3 Lessons from the paper "Attention Is All You Need" as a Beginner
With the recent surge of news about image, or even art, generating AI, I'm sure I'm not the only one who was interested in how this works under the hood. Most of these results are achieved by so-called "transformer" models and even though it seems like they are coming out just now with the huge media coverage, the idea of these actually started over 5 years ago.
I wanted to get a glimpse into the transformer-world. So in my personal September study goals I decided to read the paper that kicked off the developments in the area of transformers that we have seen in the years since its publications in 2017: "Attention Is All You Need" by Vaswani et al., working for Google at the time. I knew that I wouldn't understand the whole paper (research papers can be quite overwhelming for people not actively researching in the field), but my goal was to find out where my knowledge gaps might be, so I could start filling them.
What does it mean to be a "beginner" in this context?
I studied mathematics and computer science, and in my master's thesis I focused on theoretical properties of stochastic gradient descent for deep learning. So I do have a good understanding of the general theory of machine learning, but I have limited experience with language translation models or deep learning architectures that process sequences, so I'd call myself a "beginner" in the area of transformers.
If you are completely new to machine learning, but want to learn how it works and possibly apply it yourself, this post about a scientific research article, might be confusing. In this case, I would redirect you to a beginner-oriented course like Andrew Ng's Machine Learning on Coursera, followed by a course like the Deep Learning Specialization for the basics.
Lesson 1: Previous architectures not only included Recurrent Neural Networks, but also Convolutional Networks
The attention-based transformer architectures didn't just replace recurrent neural networks. Another type of architecture that was used for sequence modeling were convolutional neural networks. This surprised me quite a bit.
During my studies I've learned about recurrent network architectures, like LSTMs, in the context of image descriptions or text generation in a specific style. However, I'd only encountered convolutional networks in the context of processing images. When looking at images, the advantage of a convolution is that it looks at a small square of pixels and can discover spatial information in multiple dimensions at the same time.
This is definitely something I want to read more about, because I currently don't see why convolutional layers would work well on one dimensional sequence data.
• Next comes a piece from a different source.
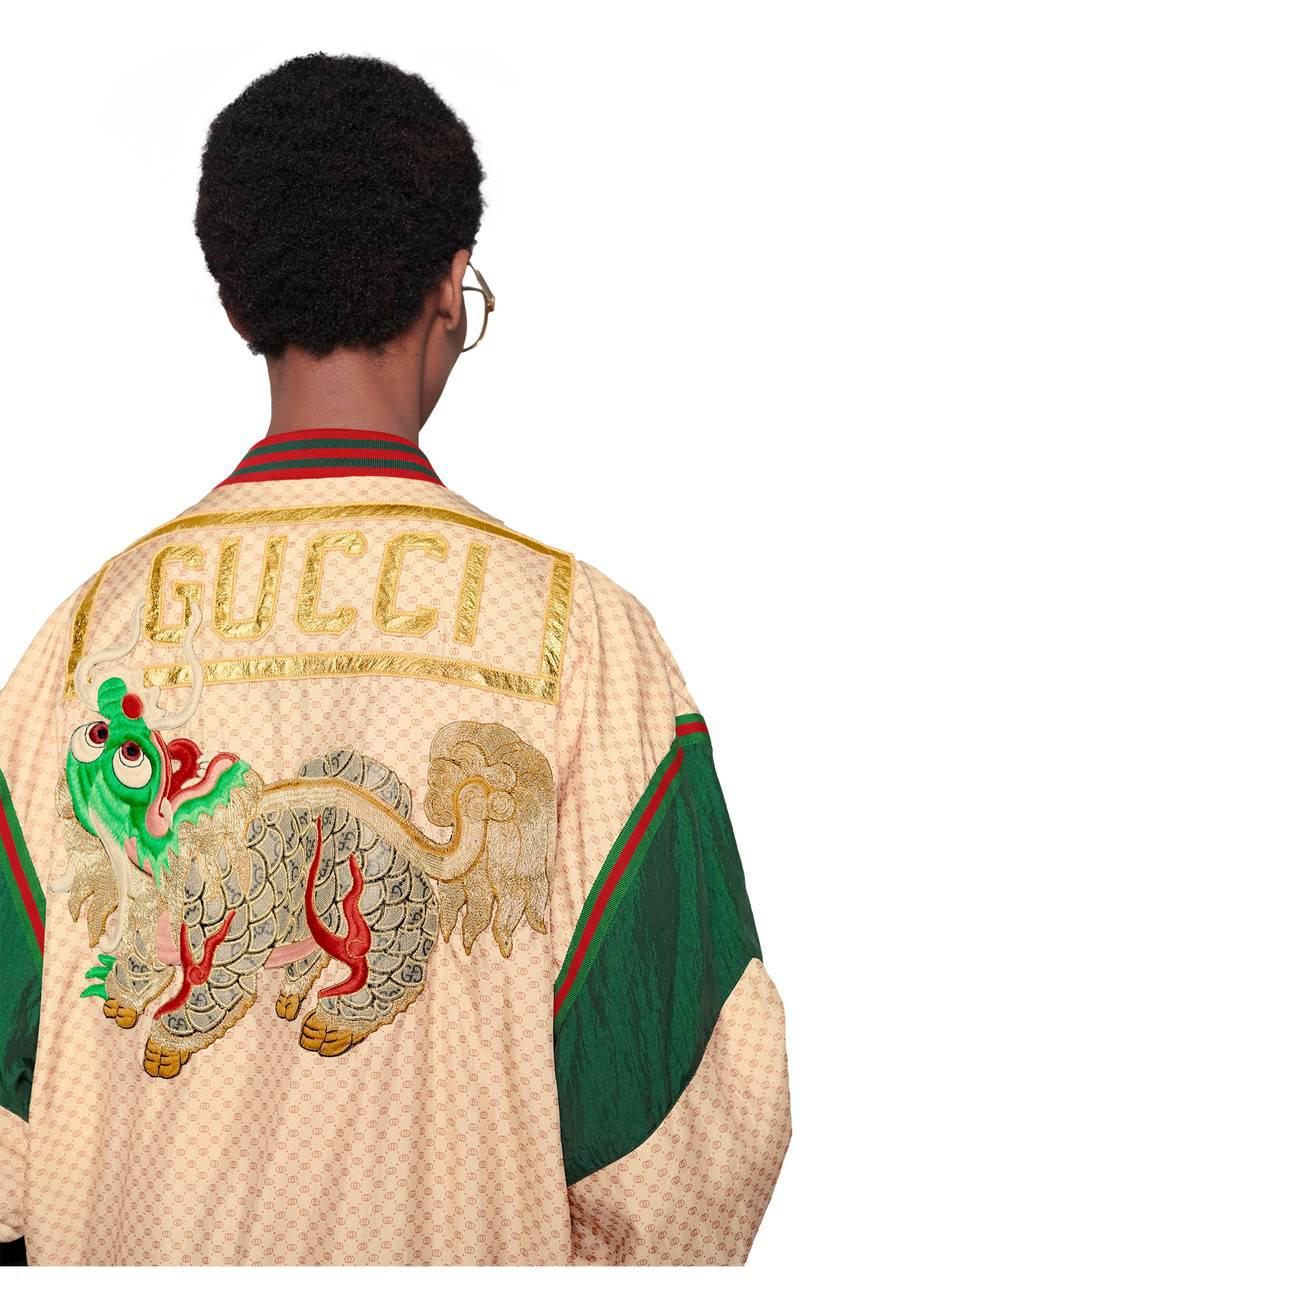 Gucci Dapper Dan Sequin Jacket

Lesson 2: Attention comes in many flavors
In my naive state, I thought attention was like a convolutional layer: it has a specific form and only varies in the size and parameters.
While reading the paper, I learned instead that there is also a method called self-attention and another called multi-head attention. I won't pretend to have understood the details, but in essence multi-head attention seems to be a parallelization of attention, each with its own parameters. This reminds me of using multiple neurons per layer in a fully connected neural network, or creating multiple channels from an image in a convolutional layer. Each of these parallel calculations can focus on a specific aspect of the input - in images, this could be vertical lines and horizontal lines for example.
Self-attention, on the other hand, is looking for connections between words in the same sentence, like in the following example between "dog" and "his":
Lesson 3: Attention itself is just a weighted sum
This insight is very similar to the above lesson, because it turns out that even the "simple" attention can differ in the specific attention function used. The two most commonly used attention functions, however, are both surprisingly simple:
- additive attention: which is a feed-forward network with a single hidden layer
- dot-product or multiplicative attention: which consists of computing the dot-product of two vectors, apply a softmax function, and then multiply with another vector
In my opinion, this is extremely "on brand" for neural networks: They perform the most amazing tasks and produce excellent results and after looking under the hood, you discover that they indeed just multiply and add vectors.
As always, there seems to be a method behind the multiplying and adding - and in the case of attention, I haven't understood that yet. I'm also missing some required knowledge about what exactly the "keys", "queries" and "values" are, that are used as input for the attention layer. I suspect these are common terms when talking about sequence transduction models, so I have some catching up to do before coming back to this.